Hi @StolkArjen, sorry for the delay, I didn't see your first post and just got to it now. Let me first verify that I fully understand your setup. Each interaction sequence is a sequence of 80 movement sequences with variable length. In other words, you have a sequence-of-sequences. As labels, you have one label per movement sequence. Thus, you have 80 labels per interaction sequence. You want information from movement sequences to be used for movement sequences that come later in the interaction sequence. Is that correct?

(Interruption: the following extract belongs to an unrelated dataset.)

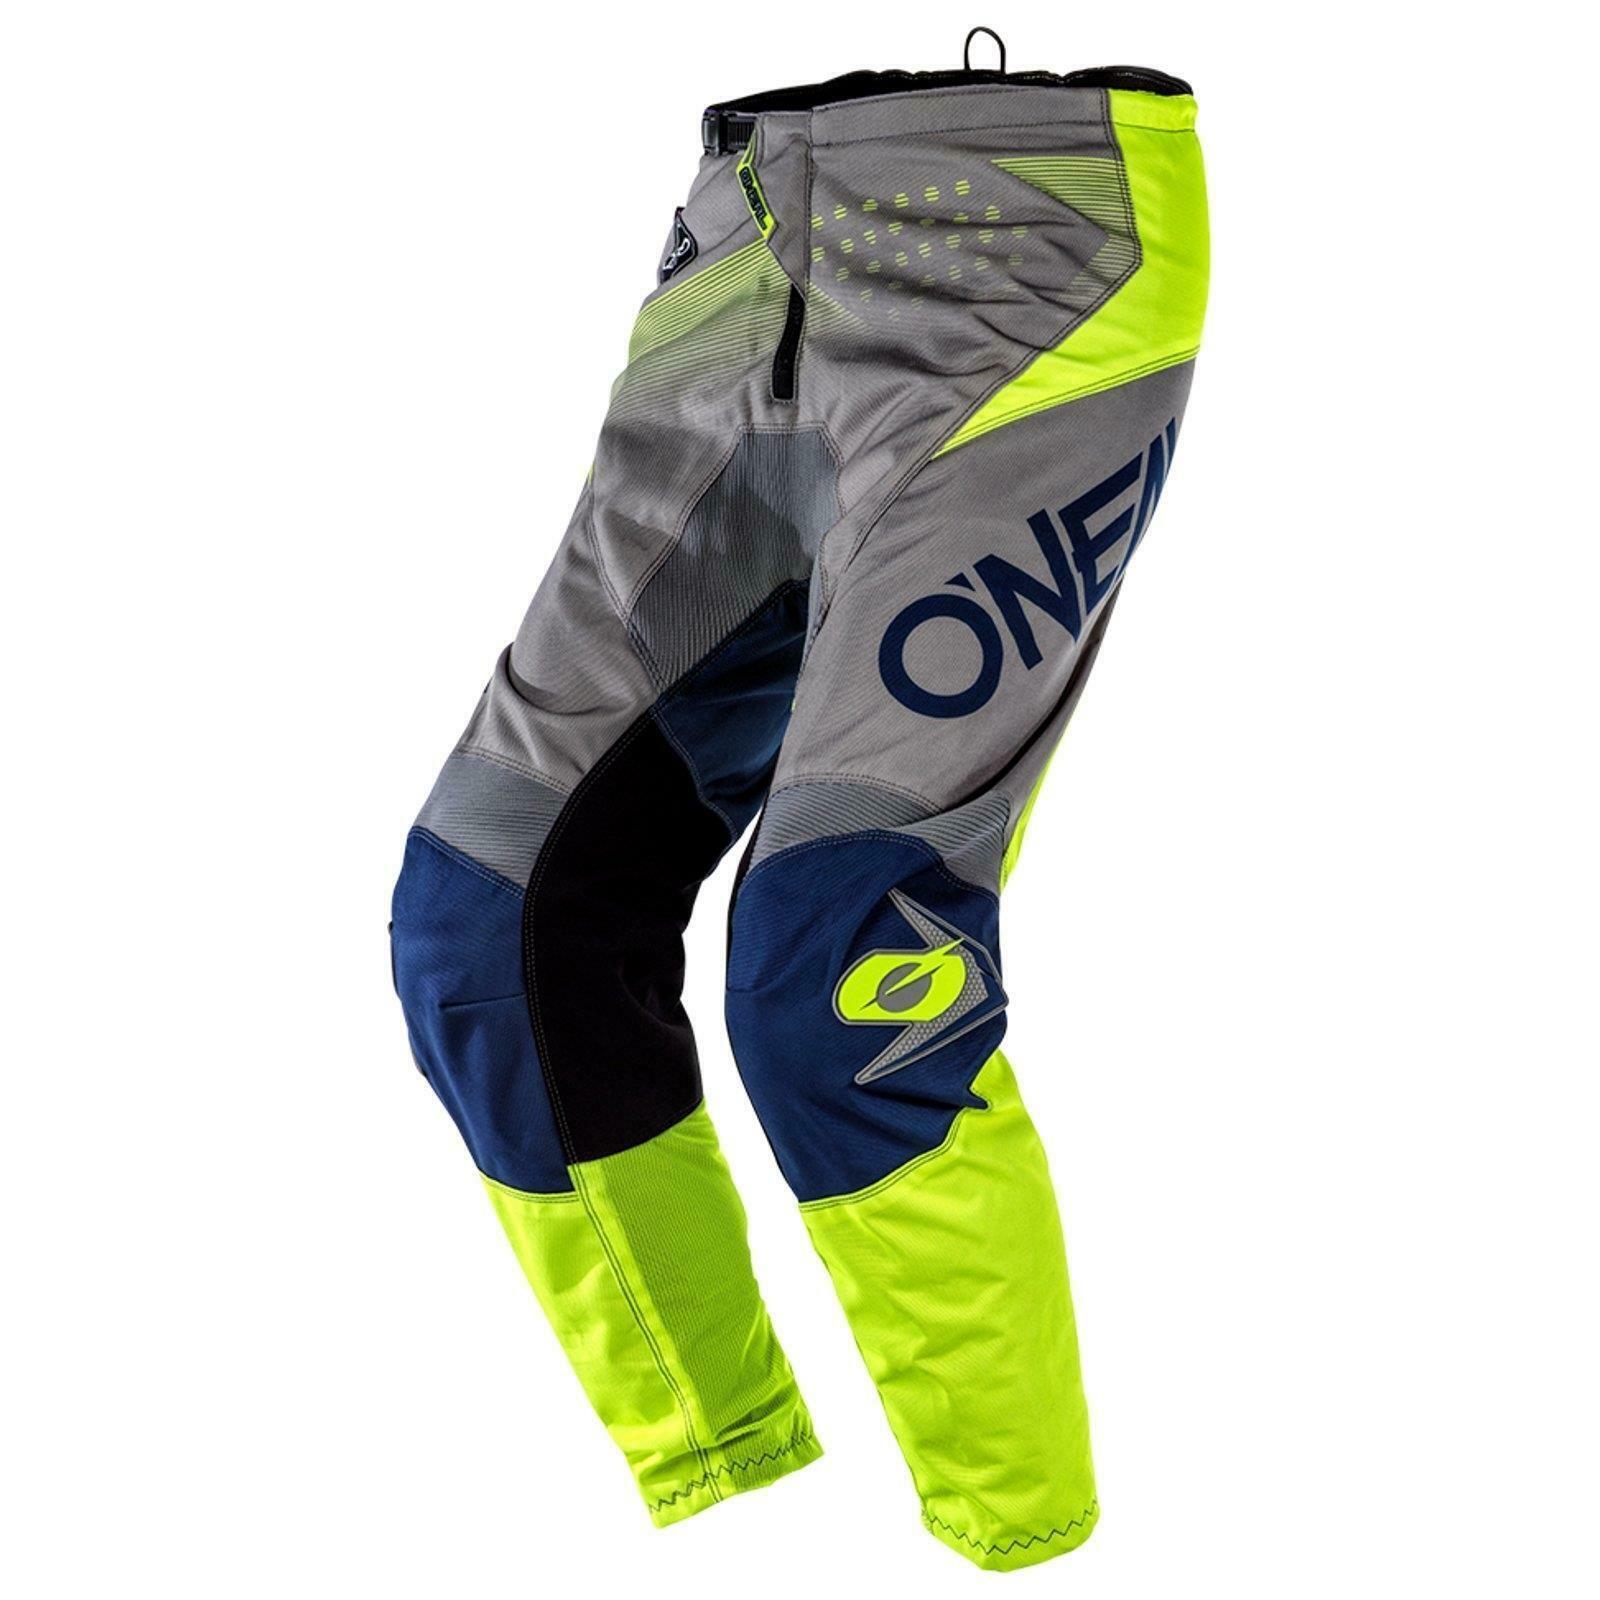 ONeal Mayhem Lite Blocker MX Moto Cross Hose Pant Enduro Mountainbike MTB AM

In this case, I would first consider the dependency you expect between the movement sequences:

Do you expect that some global information of the first movement sequence is useful to classify the remaining sequences? In the first case, putting everything together in one sequence seems quite expensive, since transformers scale quadratically with the sequence length. I would instead follow previous approaches on document classification, which used two levels of attention: one within each individual movement sequence, and one across the movement sequences, e.g. between the classification tokens across the movement sequences (if needed, you can use a causal mask there). This way, you keep the computational cost manageable while allowing for information exchange between movement sequences.
Instead, do you expect that an individual time step in the first movement sequence to be relevant in the second or later sequences? If so, putting everything together in one sequence seems the most reasonable. You can then use a sequence-to-sequence loss on the classification tokens.

Let me know if you have any follow-up questions. Hope that helps a bit!

Best, Phillip

ssadhukha commented 1 year ago

Hi @phlippe, I'm @StolkArjen 's PhD student, working on this project. Thanks for your response and for sharing your ideas re: our modeling strategy. First, re: your first suggestion, yes we do expect to see that some global information of say, the first movement sequence is useful to classify the remaining sequences. We expect these dependencies to build over time. We’ll certainly take a look at how document classification, using two levels of attention is implemented and how it can be adapted for our purposes. So far, we have been treating each trial as our unit of analysis, so there isn’t any cross-trial dependencies in our modeling strategy (yet).

Re: your second suggestion, yes, we do expect that the particular patterns of movements that are revealed by individual time-steps a as whole (as in, across the sequence) might be relevant for later sequences, but this is something we have yet to explore.

Ultimately, because we anticipate that behavior in future trials is highly dependent on past ones, we’re interested in modeling the unique dynamics in the game and how the trial-by-trial dependencies change over time.

Thanks again for your input!